Moon Duo, “Occult Architecture Vol. 1”

The dexterity with which Moon Duo present seemingly simple riffs belies the complexity of the songwriting—and the difficulty in getting to their destination.
Reviews
Moon Duo, “Occult Architecture Vol. 1”

The dexterity with which Moon Duo present seemingly simple riffs belies the complexity of the songwriting—and the difficulty in getting to their destination.

Words: Adam Pollock

February 08, 2017

Moon Duo
Occult Architecture Vol. 1
SACRED BONES
6/10

Moon Duo’s new album Occult Architecture Vol. 1 is dark music for dark times. Certainly, as each new day reveals, we are in the midst of a truly troubling moment in history; that the pair of Portlanders have come up with an appropriate soundtrack to the upheaval might be a testament to our great need for empathy, for their new work actually owes it inspiration to the hidden duality of existence: male and female, yin and yang, darkness and light. (That said, the news was probably on somewhere during the recording process.)

The Portland-based psych-rock duo has been creating increasingly harder synth and guitar music for close to a decade, and Occult Architecture shows they are definitely not mellowing with age.
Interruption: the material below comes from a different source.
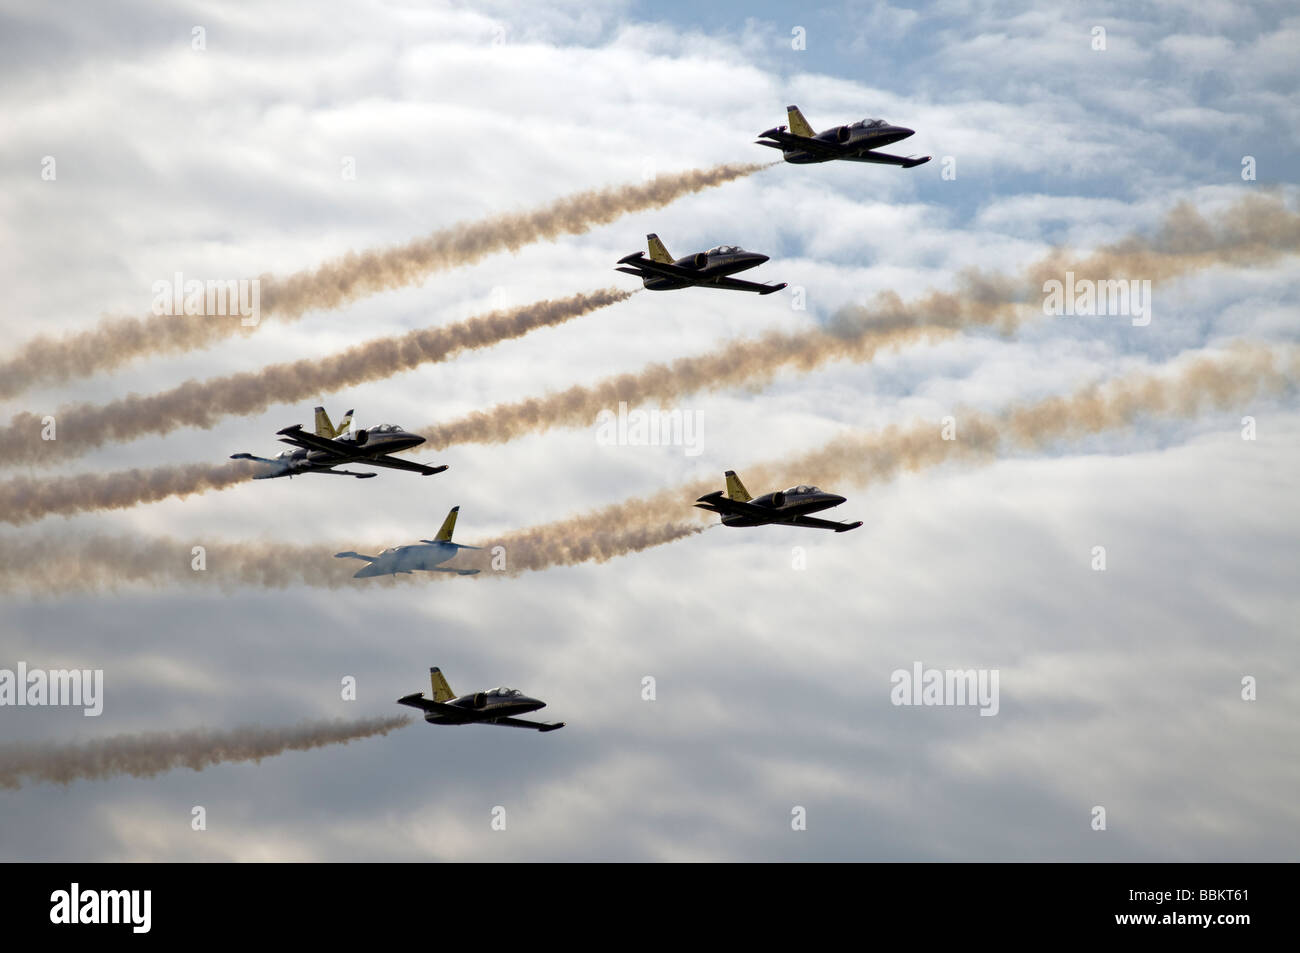 Ferte Alais Breitling Jet Team passing extremely close - Stock Image

Like their previous releases, it has moments of grunge-like mainstream appeal, to the point that occasional comparisons to a more digitized version of early Soundgarden—sans barechested vocalizing—would not be totally out of place.
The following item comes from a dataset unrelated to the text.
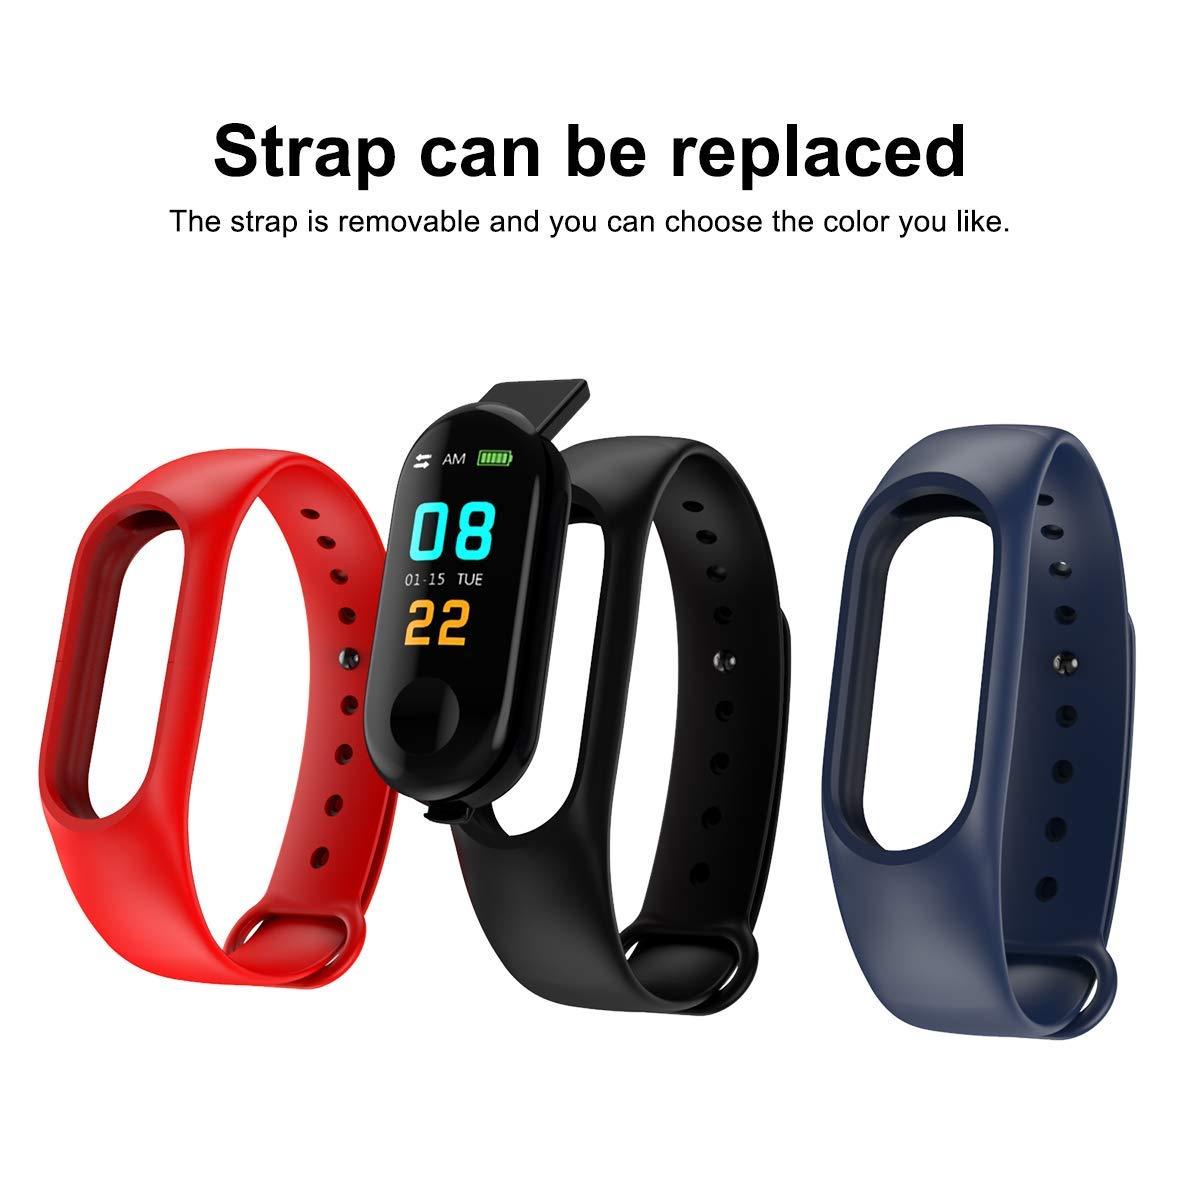 PLEXTONE Fitness Tracker Heart Rate Fitness Wristband Smart Watch Waterproof IPX6 Activity Tracker Blood Pressure Smart Bracelet with Stopwatch Sport GPS Pedometer Women Men (red)

The album opens with “The Death Set,” starting things off with a riff reminiscent of the Doctor Who theme that eventually builds into a groove. “Cold Fear” and “Creepin’” follow, and they set the pace for the rest of the album, which ends with a ten-minute-plus jam that dissolves, finally, into the sound of wind or space, perhaps signaling a departure to another, more forgiving world.

It can be easy to lose yourself in Moon Duo’s psychic trip, and as the trance-inducing vocals wash over, you perhaps take the repetition of the tracks for granted. But the dexterity with which they present seemingly simple riffs belies the complexity of the songwriting—and the difficulty in getting to their destination.